Pentingnya Kajian Antropologi Agama
Kegunaan
pengetahuan ilmiah, selain untuk mengetahui sesuatu yang belum di ketahui, juga
untuk dapat menentukan sikap yang tepat dalam berhadapan dengan sesuatu yang
telah di teliti itu sehingga apa yang di inginkan dapat di capai dengan
efisien.
Sebagai hasil
ilmiah, sebagai kajian kenapa suatu fenomena terjadi antropologi agama dapat di
manfaatkan oleh siapa saja, baik oleh yang tidak senang terhadap berkem bangnya agama tersebut, maupun oleh pemuka
agama yang bersangkutan. Sama seperti penemuan energi atom . teori energi atom
dapat di pakai untuk kebaikan, seperti pembangkit tenaga listrik, maupun untuk
kejahatan, seperti untuk bom atom yang akan memusanahkan uma manusia dan
makhluk hidup lainnya. Menjajah indonesia suatu bangsa yang tinggal di negara
kecil menjajah negara yang demikian besar di antaranya adalah karena penjelasan
yang demikian terperinci tentang masyarakat indonesia yang di hasilkan oleh
penelitian antropologi.
Pendidikan
agama, selain memerlukan pengetahuan antropologis dari kelompok yang akan di
didik atau peserta didik juga di perlukan pengetahuan yang memadai tentang
psikologi peserta didik. Jadi kalau antropologi menempatkan suatu kelompok
masyarakat dengan budaya yang sama ataupun yang berbeda dengan kelompok budaya
lain, psikologi memandang seseorang atau individu berbeda dari individu yang lain
karena berbagai faktor fisik dan non-fisik, bawaan, dan binaan, individu dan
lingkungan. Antropologi pun memerhatikan pula faktor psikologis ini yang khusus
di pelajari dalam antropologi psikologi.
Kalau dakwah
dan pendidikan agama saja ternayta memerlukan hasil kajian antropologis,
apalagi usaha pembangunan masyarakat dan negara yang mencakup berbagai aspek
kehidupan dan di tunjukan kepada rakyat yang multisuku bangsa dengan
multibudaya dan agama sangat memerlukan informasi dari hasil penelitian antropologi
termasuk antropologi agama. Sebab, pandangan dan perilaku masyarakat banyak di
pengaruhi oleh ajaran dan komunitas agamanya yang membutuhkan hasil studi
tentang agama secara antropologis, bukan saja negara agana atau negara yang mementingkan pembinaan kehidupan beragama,
tetapi juga negara sekular pun memerlukannya untuk dapat menentukan cara
mengahadapi masyarakat dengan efektif, efisien, da halus.[11]
F.
Istilah Agama
Pada umumnya di
indonesia di gunakan istilah ‘agama’ yang sama artinya dengan istilah asing
‘religie’ atau ‘ godsdienst’ (belanda) atau ‘religion’ (inggris). Istilah
‘agama’ berasal dari bahasa sansekerta yang pengertiannya menunjukan adanya
kepercayaan manusia berdasarkan wahyu dari tuhan. Dalam arti linguistik kata
agama berasal dari suku kata A-GAM-A, kata ‘A’ berarti tidak, kata ‘GAM’

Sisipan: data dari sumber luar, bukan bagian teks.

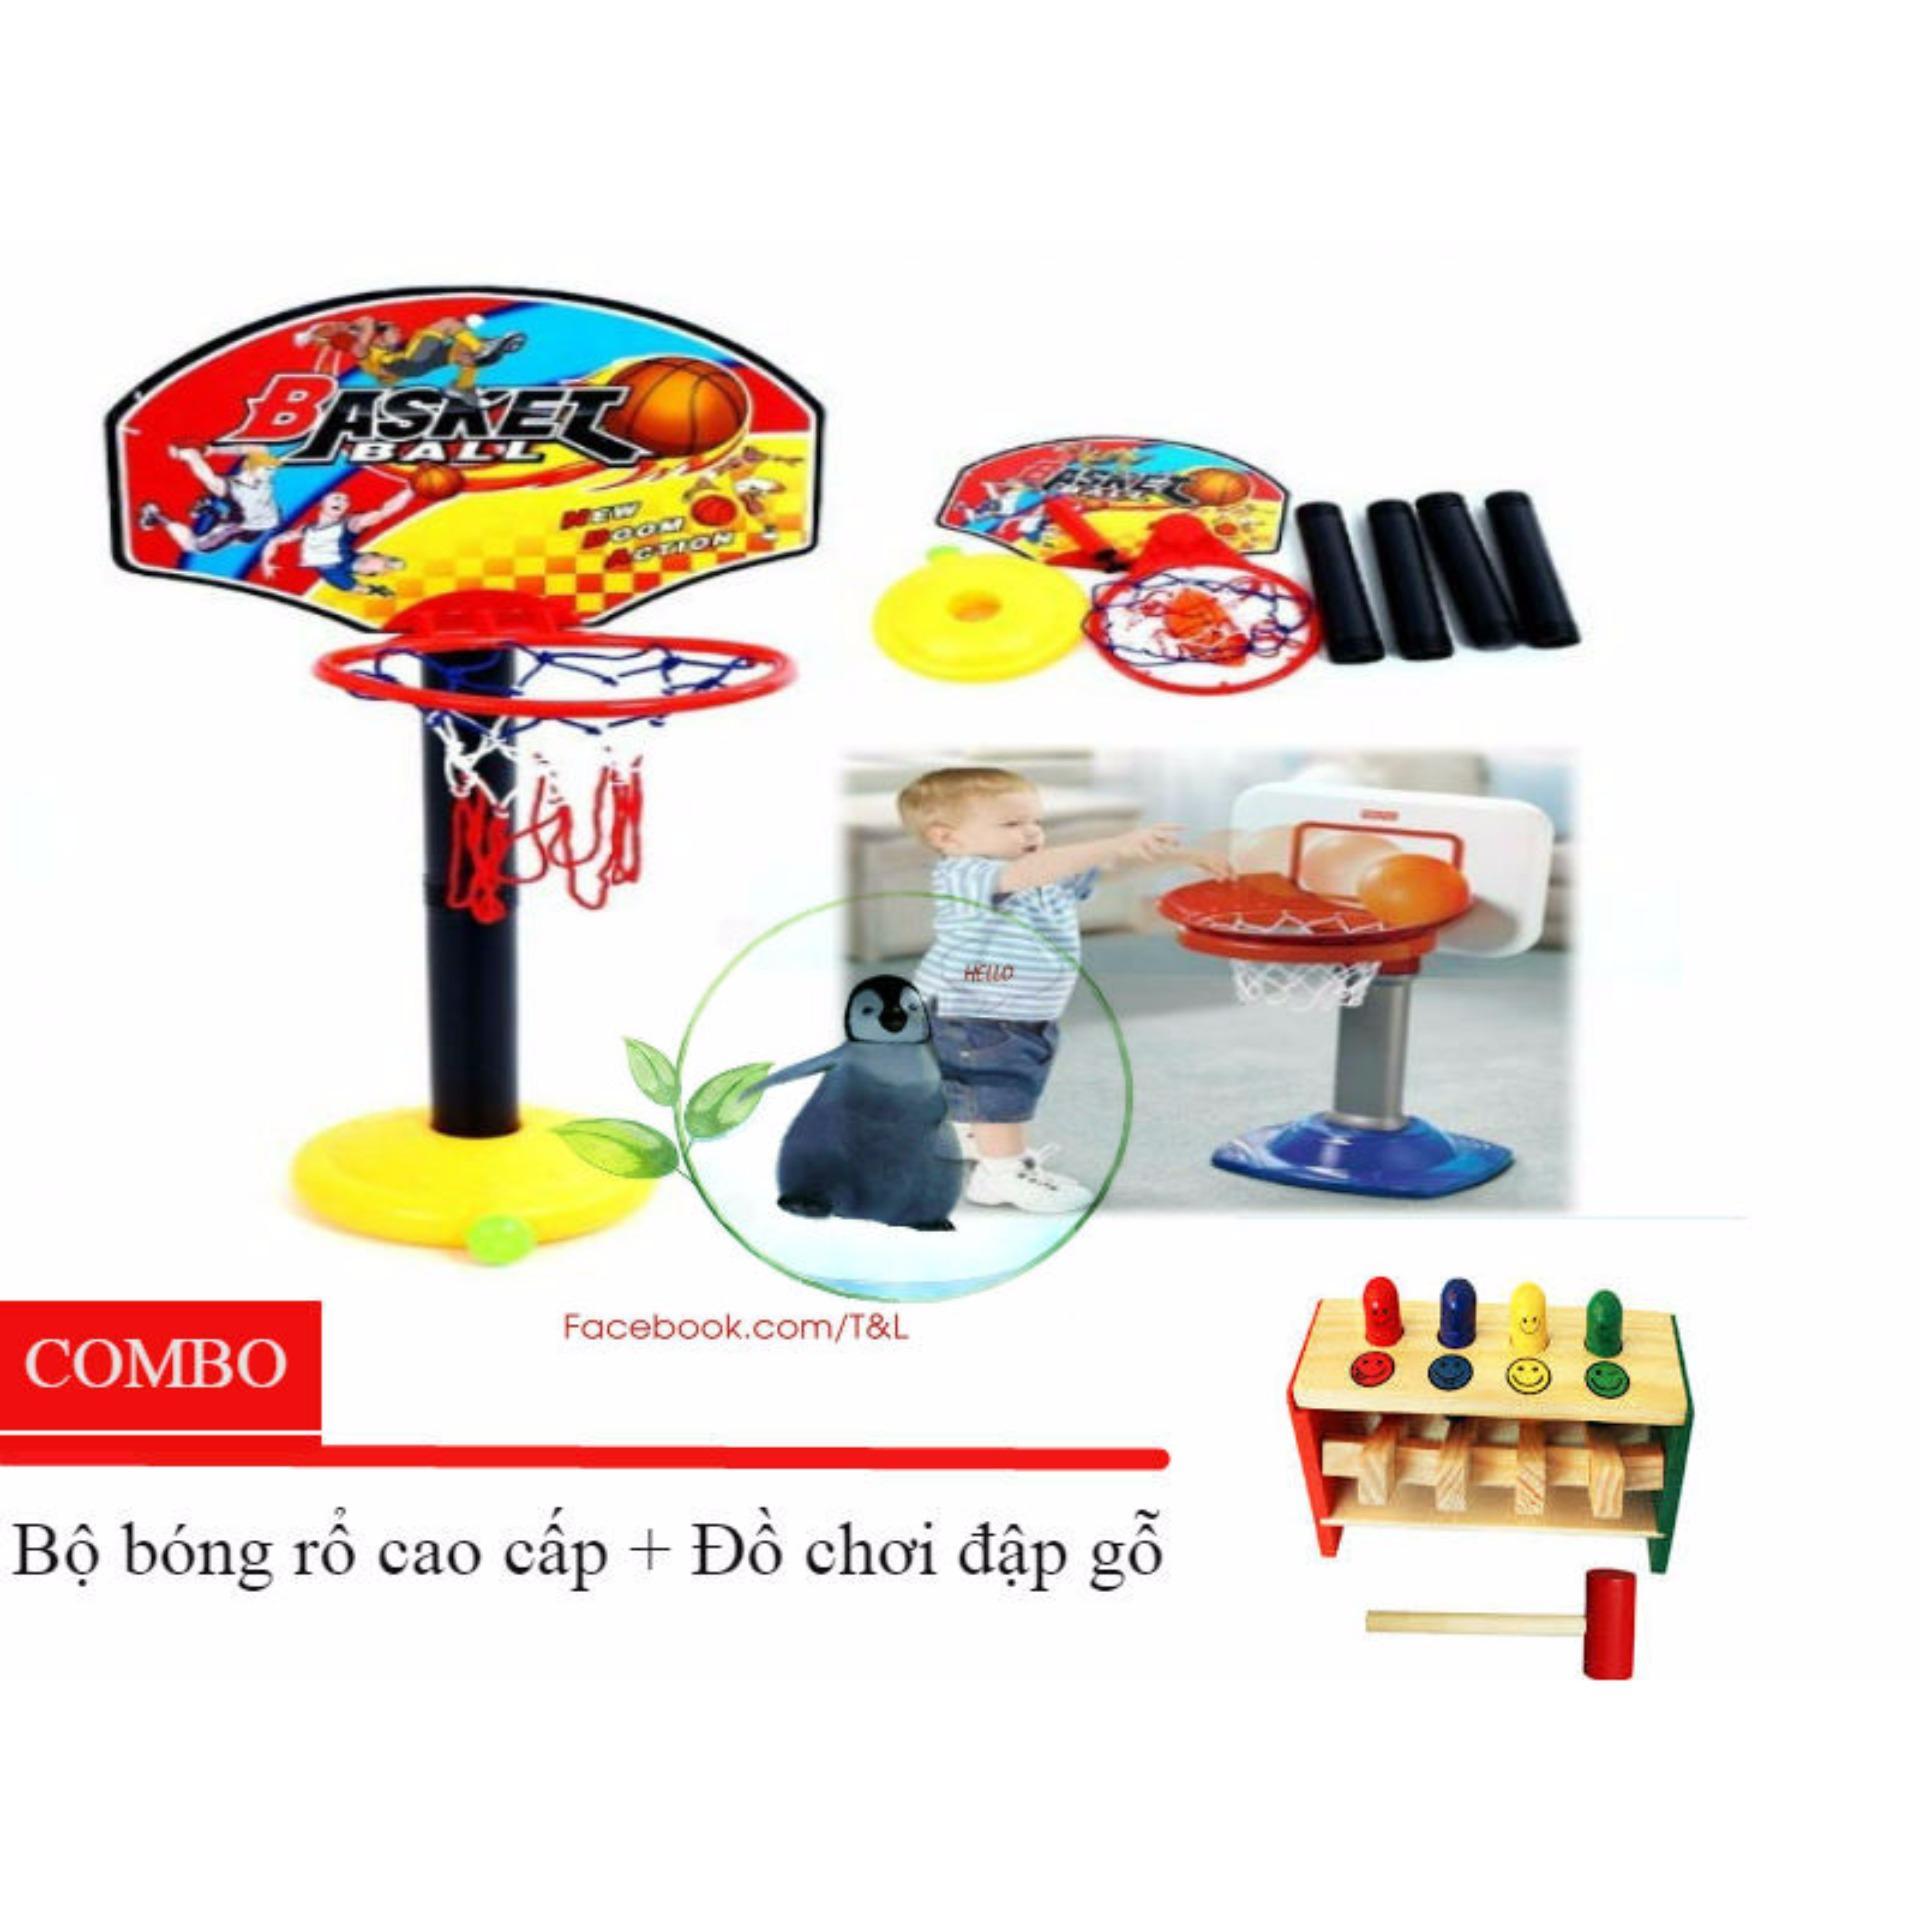 Combo đồ chơi bóng rổ và đập gỗ

berarti ‘pergi’ atau ‘berjalan’, sedangkan kata akhiran ‘A’ merupakan kata
sifat yang menguatkan yang kekal. Jadi istilah ‘Agam’ atau ‘agama’ berarti
;tidak pergi’ atau ‘tidak berjalan’ alias ‘tetap’ (kekal, eternal), sehingga
pada umunya kata A-GAM atau AGAMA mengandung arti pedoman hidup yang kekal
(Hassan Shadily, Ensiki. 1980-105)[12].
G.
Teori Asal Mula Agama
Banyak pendapat
para ahli tentang asal mula agama itu sebagaimana di kemukakan koentjaraningrat
adalah ahli sejarah C. De Brosses (1769), ahli Filsafat August Comte (1850),
ahli filologi F.Max Muller (1880), dan
lainnya. Kemudian barulah muncul teori-teori dari para ahli Antropologi seperti
E.B. Taylor (1880), R.R. Marett (1909), J.G. Frazer (1890),
E. Durkheim
(1912), dan W.Schmidt (1921) (Koetjaraningrat 1966: 207-208). Dari teori-teori
mereka ini orang berpendapat bahwa perkembangan agama it mulai dari Animisme,
Dinamisme, Politeisme dan baru kemudian Monoteisme.[13]
1.
Teori Tylor
Sarjana yang di
anggap pertama kali mengemukakan pendapat bahwa asal mula dari agama adalah
‘Animisme’ (paham tentang roh atau jiwa) ialah sarjana antropologi inggris E.B.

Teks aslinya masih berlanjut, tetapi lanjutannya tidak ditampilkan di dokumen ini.